| |
| ROCKET
FROM THE TOMBS |
In addition to working as a bouncer
at the Viking, burly David Thomas wrote for The Scene,
sometimes under the pseudonym Crocus Behemoth. Cheetah Chrome
remembers the "strange little column" Thomas co wrote with
Mark Kmetzko under the name Croc O'Bush: "They had one
character, the Fuzzy Bunny of Death, with a picture of this
really cute Easter bunny. Real twisted stuff.” In 1973,
Thomas and fellow Scene writer Kim Zonneville formed the Great
Bow-Wah (Death) Band, which played satirical, Zappa-influenced
songs. The group evolved in June 1974 into the harder-rocking
Rocket From The Tombs, which inherited a few Bow-Wah songs but
also played most of the MC5's . The longer the Rockets played
together, says Thomas, "the more ambitious we became, and
personnel began to shift to reflect that. [In the fall of 1974]

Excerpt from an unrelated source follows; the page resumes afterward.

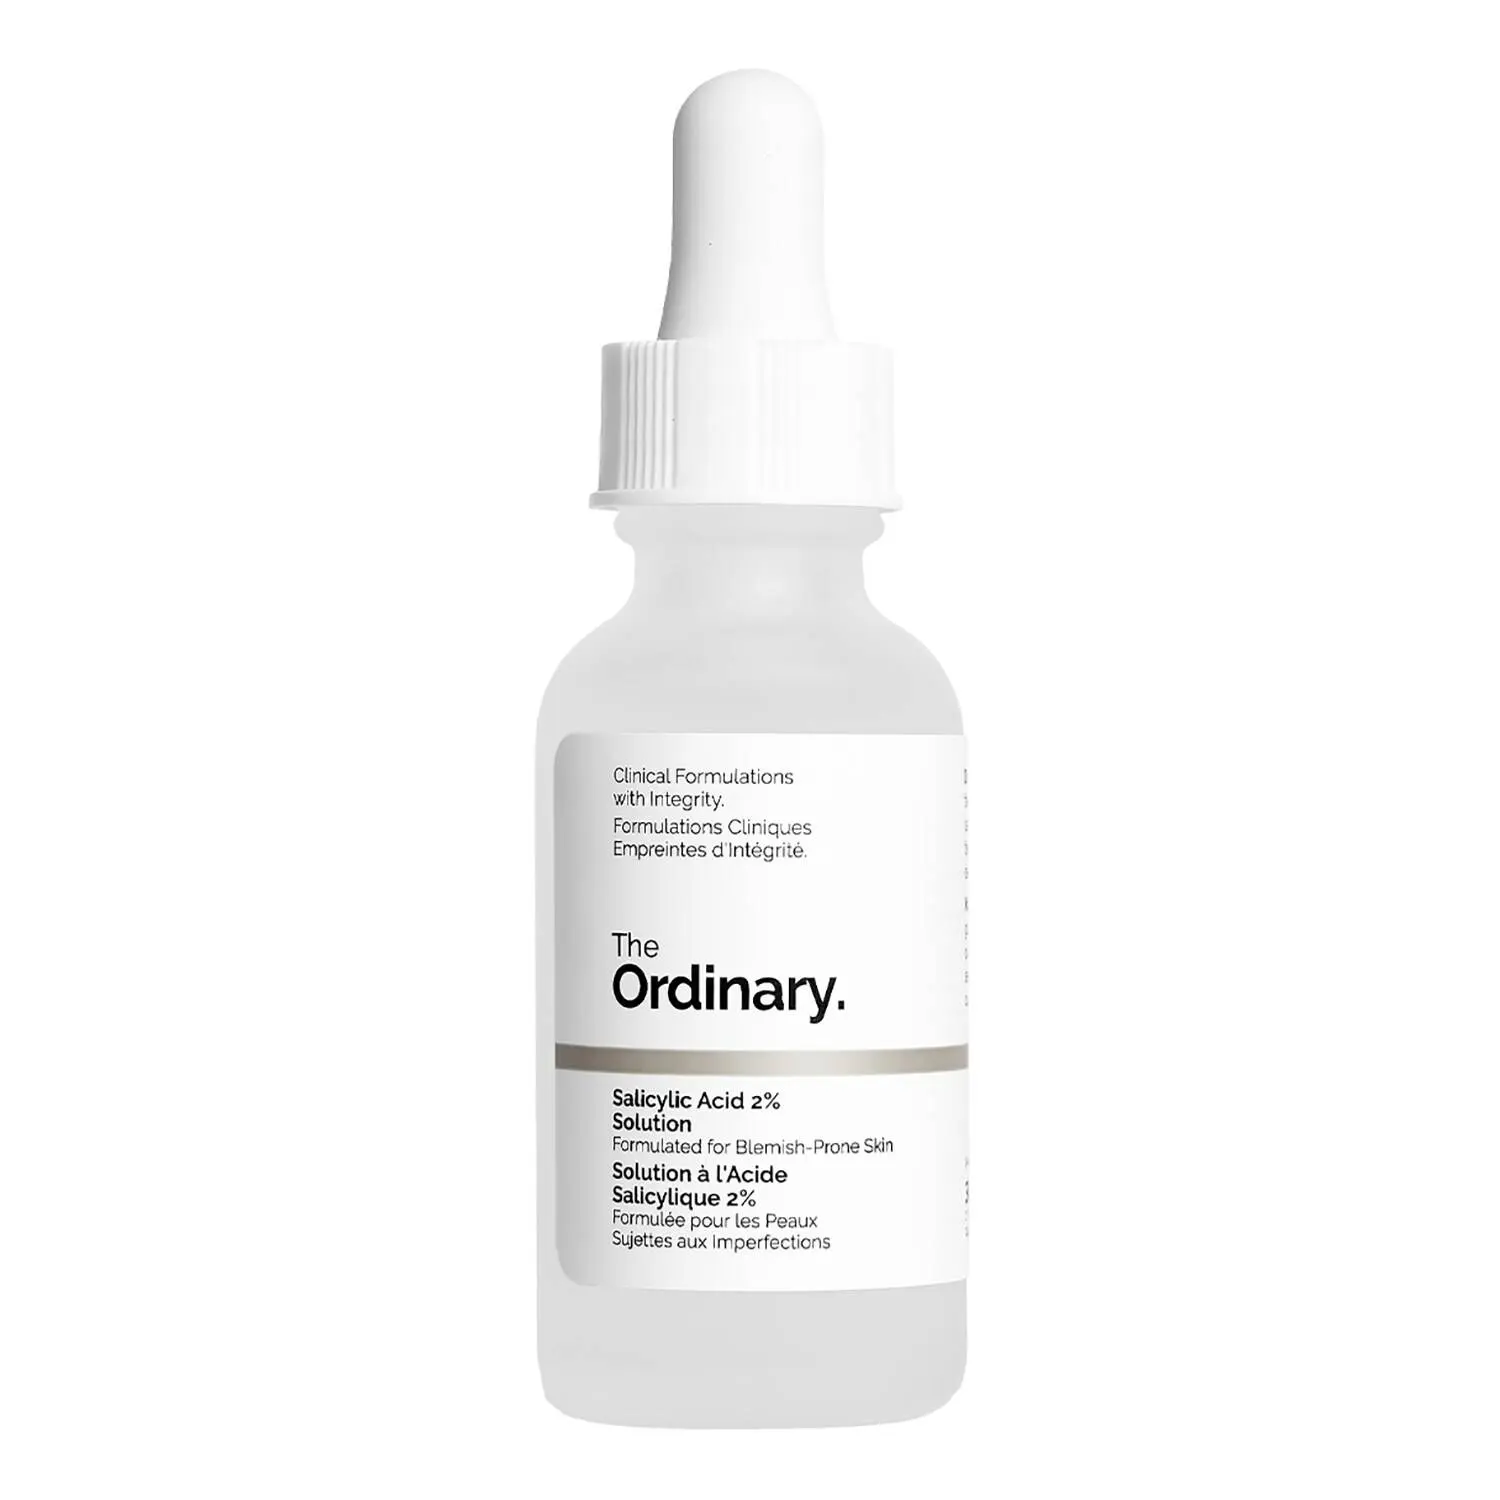 The Ordinary Salicylic Acid 2% Solution 30ml Discounts and Cashback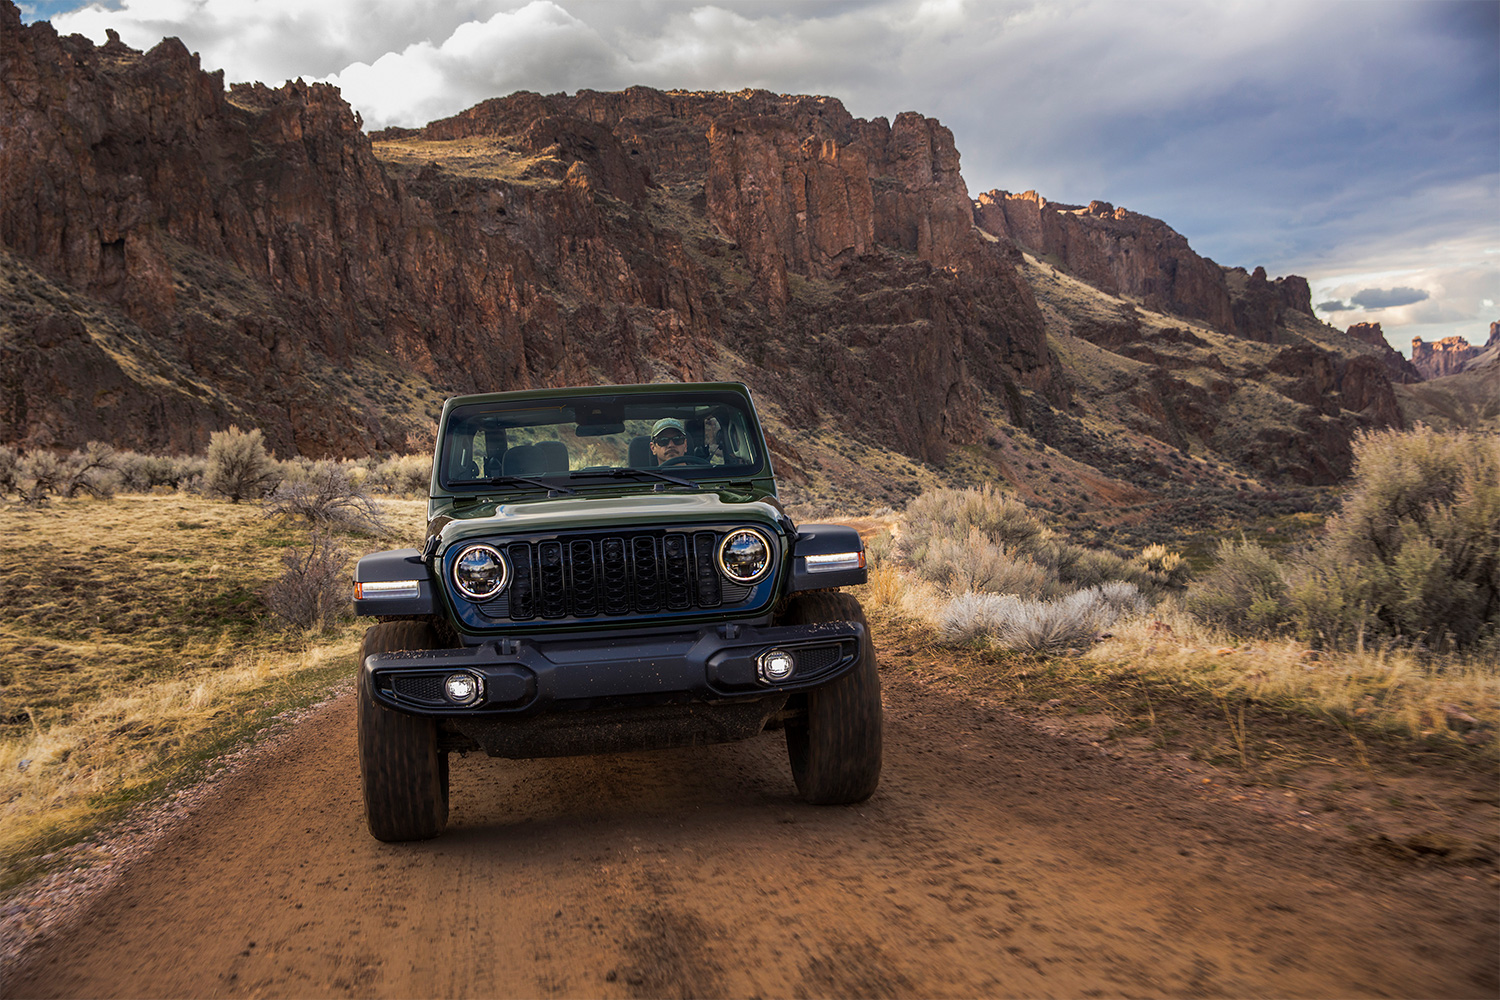 Two-door Jeep Wrangler Sport, our pick for the best affordable off-road vehicle

Peter Laughner asked to join, and that accelerated the process."
Laughner's
band Cinderella Backstreet had broken up, and the guitarist
was playing solo at a folk club near the Viking. He fantasized
about creating an innovative, rocking Cleveland scene to rival
New York's, with himself as impresario and star. In his Mirrors-referencing
piece for The Plain Dealer in 1974, Laughner described
a scene that existed only in his imagination: "It's all too
obvious at this point that Cleveland is about to become the
musical focal point that the 'Big Apple' has been ... I want
to do for Cleveland what Brian Wilson did for California and
Lou Reed did for New York." John
Morton admits that "Laughner was a good guitar player,
[but] he was very much a chameleon. I mean, 'Oh, I'll dress
like Lou Reed.' He looked ridiculous."
Not
only did Laughner join Thomas' band, he also recruited new musicians.
Responding to an ad Laughner placed in the paper were two buddies
from Cleveland's housing projects, guitarist Gene O'Connor (a.k.a.
Cheetah Chrome) and drummer Johnny Madansky (known later as
Johnny Blitz). "People back then didn't know what to think
of me and Blitz," Chrome says. "I had hair down to
my ass [and was] wearing motorcycle jackets and shit. We looked
like roadies for the MC5."
Chrome
met up with Laughner at a bar, where they had a couple of beers
and a bowl of chili. They decided their musical tastes were
similar enough at least to jam together. "I remember jamming—it
was dead cold—and drinking Rolling Rock, playing Velvets
songs," says Chrome. "It was great." As for Thomas,
Chrome recalls, "I thought he was kinda crabby. But he
was very funny, too." To get to know the singer better,
Chrome went to the Viking on slow nights to chat while Thomas
worked the door. "From 8 o'clock at night until it started
getting busy," Chrome says, "Crocus would sit there
writing lyrics." Meanwhile,
Mirrors were going through a quiet spell. An impromptu band
meeting took place in the kitchen while Paul Marotta's wife
was cutting Jamie Klimek's hair. "We were talking about
the fact that we hadn't been rehearsing lately," says Craig
Bell, "and nobody seemed to have a real desire to rehearse
and [were asking] what was going on. And there wasn't really
an answer." So when Laughner asked him to work with Rocket,
Bell agreed.
Rocket
From The Tombs spent four nights a week practicing at its rehearsal
loft. The band not only generated steam heat, its members also
wrote great songs together, like Thomas and Chrome's "Sonic
Reducer," which could serve as the theme song of the Cleveland
proto-punks: "People out on the streets, they don't know
who I am." Laughner wrote the grimly prophetic "Life
Stinks," "Amphetamine" and, with Chrome, "Ain't
It Fun" ("when you know that you're gonna die young").
|
|
As
was also the case with the Eels, Rocket went to foolish lengths
to shock or be misunderstood, sometimes employing Nazi imagery
(swastikas adorned Blitz's drumkit) or invoking racist language.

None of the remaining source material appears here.